Friday, April 15, 2022

Probabilistic Graphical Models

Deep learning and neural networks get a lot of (deserved) attention, but there is another class of ML models called Probabilistic Graphical Models (PGMs) that can also be used for inference and prediction. They have applications in fields such as medical diagnosis, image understanding, and speech recognition. Think decision making based on incomplete or insufficient knowledge.

More formally, PGMs use graphs to encode joint probability distributions as opposed to the more traditional ML approach of learning a function that directly maps input to a target variable. This post isn't a technical introduction though. Rather, it is more of an introduction-by-example and a summary of pgmpy's excellent notebooks.

Given a simple graph for flower type:

Our two approaches would look something like this:

Bayesian networks

In this section I'll use a more complex graph for student grades:

For problems with many features and/or high cardinality features, inference will be difficult because the size of the joint probability distribution increases exponentially. PGMs can compactly represent it by exploiting conditional independence. They provide us efficient methods for doing inference over these joint distributions.

In this graph we have cardinalities of 2 for each node except Letter which is 3. The joint distribution would require storing 48 values (2*2*2*2*3) while the PGM only requires 26 (see notebook 1 for details).

This is what's known as a Bayesian network, which is always represented as a directed acyclic graph. Each node is parameterized by a conditional probability distribution (CPD) like P(node|parents). For example, the Grade node has the CPD P(G|D,I). Bayesian networks are used when you want to represent causal relationships between random variables. Naive Bayes is a special case where all random variables are assumed to be independent of each other, each only directly affecting the target variable.

Given tabular data and a graph structure, CPDs can be estimated using Maximum Likelihood Estimation (MLE). It's similar to what was done with the Iris data in the first code block above. It's also fragile because it is so dependent on the amount and quality of the observed data (see notebook 10 for details). This explains why that code breaks with some random seeds. 

A better solution is Bayesian Parameter Estimation. There you start with CPDs based on your prior beliefs (or uniform priors) and update them based on the observed data.

One method of exact inference in PGMs is variable elimination. It efficiently avoids computing the entire joint probability distribution (see notebooks 2 and 5 for details). For larger graphs there are other, approximate algorithms because an exact solution would be intractable.

Making predictions is similar. Instead of getting a distribution we get the most probably state.

Markov networks

Markov networks are represented by undirected graphs. They represent non-causal relationships. They can, however, represent dependencies that a Bayesian model can't, like cycles and bi-directional dependencies. Factors describe connected variable affinity, or how much two nodes agree with each other. The joint probability distribution is the product of all factors.

A quick note because the names sound similar. Markov chains are not PGMs because the nodes are not random variables. They can be represented as as Bayesian networks and PGM algorithms would be available.

Sampling

Sampling algorithms approximate exact inference by generating a large number of samples that will converge to the original distribution. One of these is Hamiltonian Monte Carlo.
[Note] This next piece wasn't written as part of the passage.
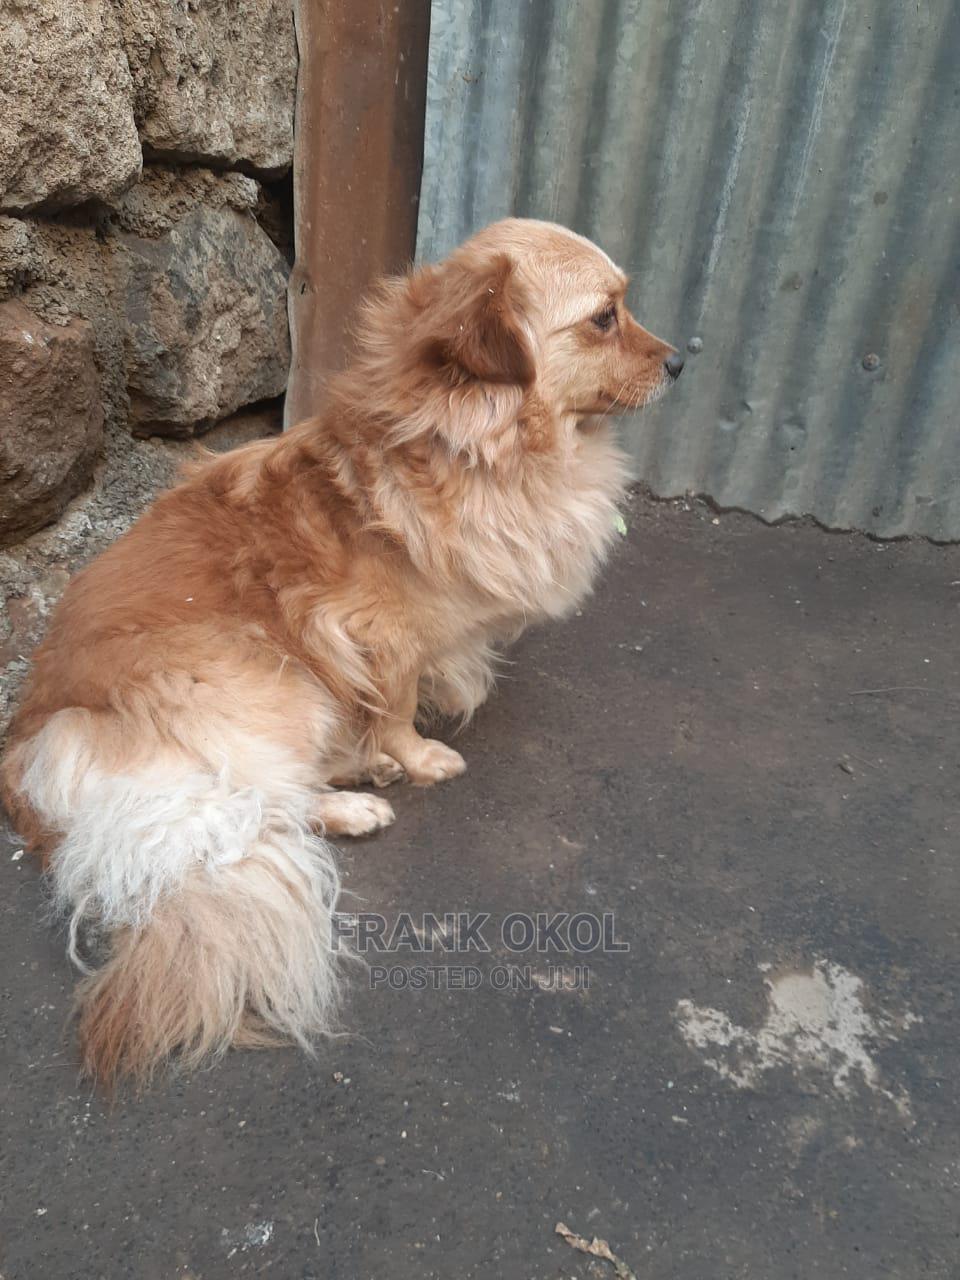 6-12 month Male Mixed Breed Japanese Spitz | Dogs & Puppies for sale in Utawala, Nairobi, Kenya

It is a Markov Chain Monte Carlo (MCMC) that proposes future states in the Markov Chain using Hamilton dynamics from physics (see notebook 8 for details). Other MCMC algorithms you may encounter are Metropolis-Hastings and Gibb's Sampling. See Monte Carlo Approximation Methods: Which one should you choose and when? for a comparison of these methods.

Another interesting find that fits in at this point is the PyMC3 library and the Probabilistic Programming and Bayesian Methods for Hackers open source book. 
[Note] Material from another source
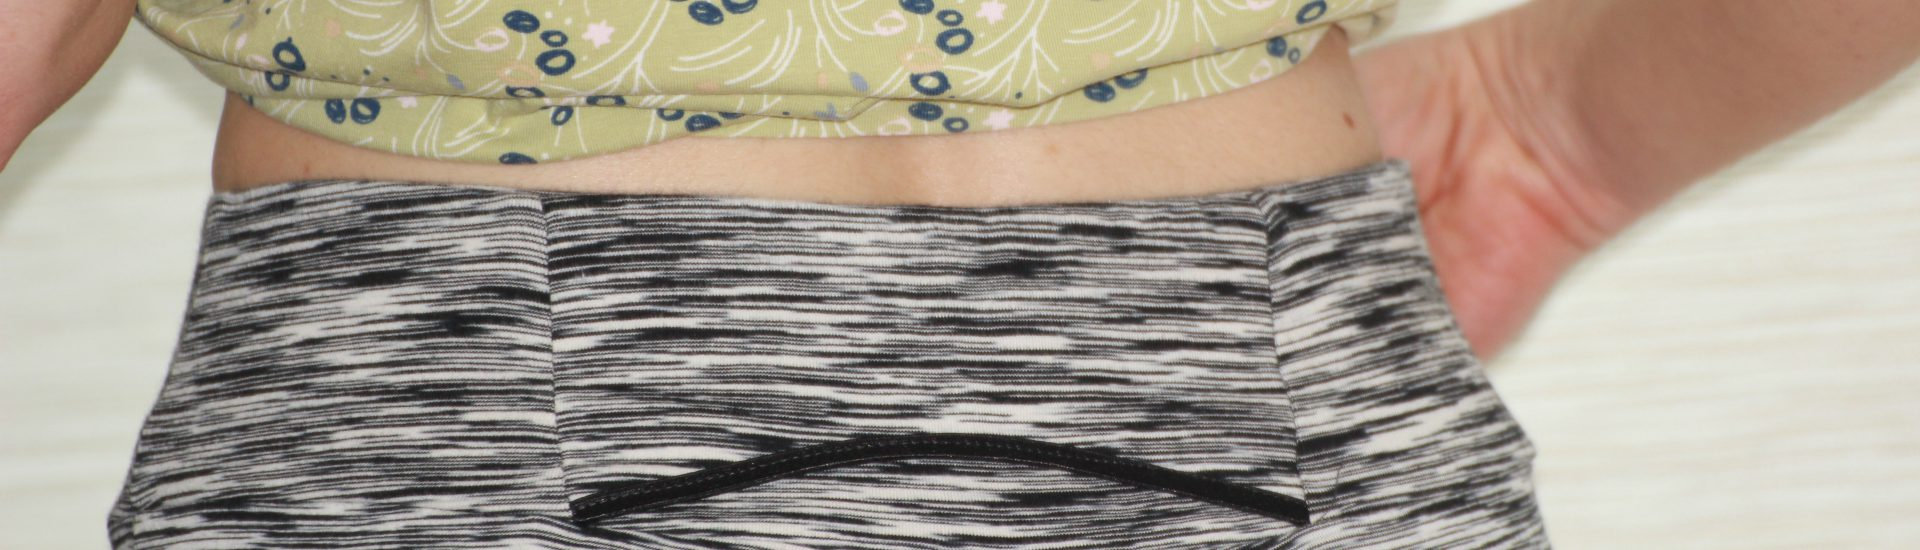 Fehr Trade Yoga Pants

I also think this is a nice writeup on Bayesian Logistic Regression using Pyro, another probabilistic programming library, and MCMC.

Learning networks

Learning a Bayesian network can be done as an optimization problem by scoring networks on how well they fit a data set, and searching through the space of all possible models. For non-trivial graphs where an exhaustive search is not possible, hill climbing can be used (see notebook 11 for details).

Wrap-up

I've only scratched the surface here, but I think it's a more intuitive introduction to the topic than most of the material in this space. We could build up to more complex graphs and problems from here.


And to bring things full circle on where PGMs fit in to the ML landscape, here is an opinion from well-known ML researcher Ian Goodfellow:
The two aren’t mutually exclusive. Most applications of neural nets can be considered graphical models that use neural nets to provide some of the conditional probability distributions. You could argue that the graphical model perspective is growing less useful because so many recent neural models have such simple graph structure  These graphs are not very structured compared to neural models that were popular a few years ago like … But there are some recent models that make a little bit of use of graph structure, like VAEs with auxiliary variables.

Plus a tweet from the Standford NLP group:

Thus is would seem that knowing these concepts will continue to be useful even if we don't directly use PGMs or focus solely on PGMs.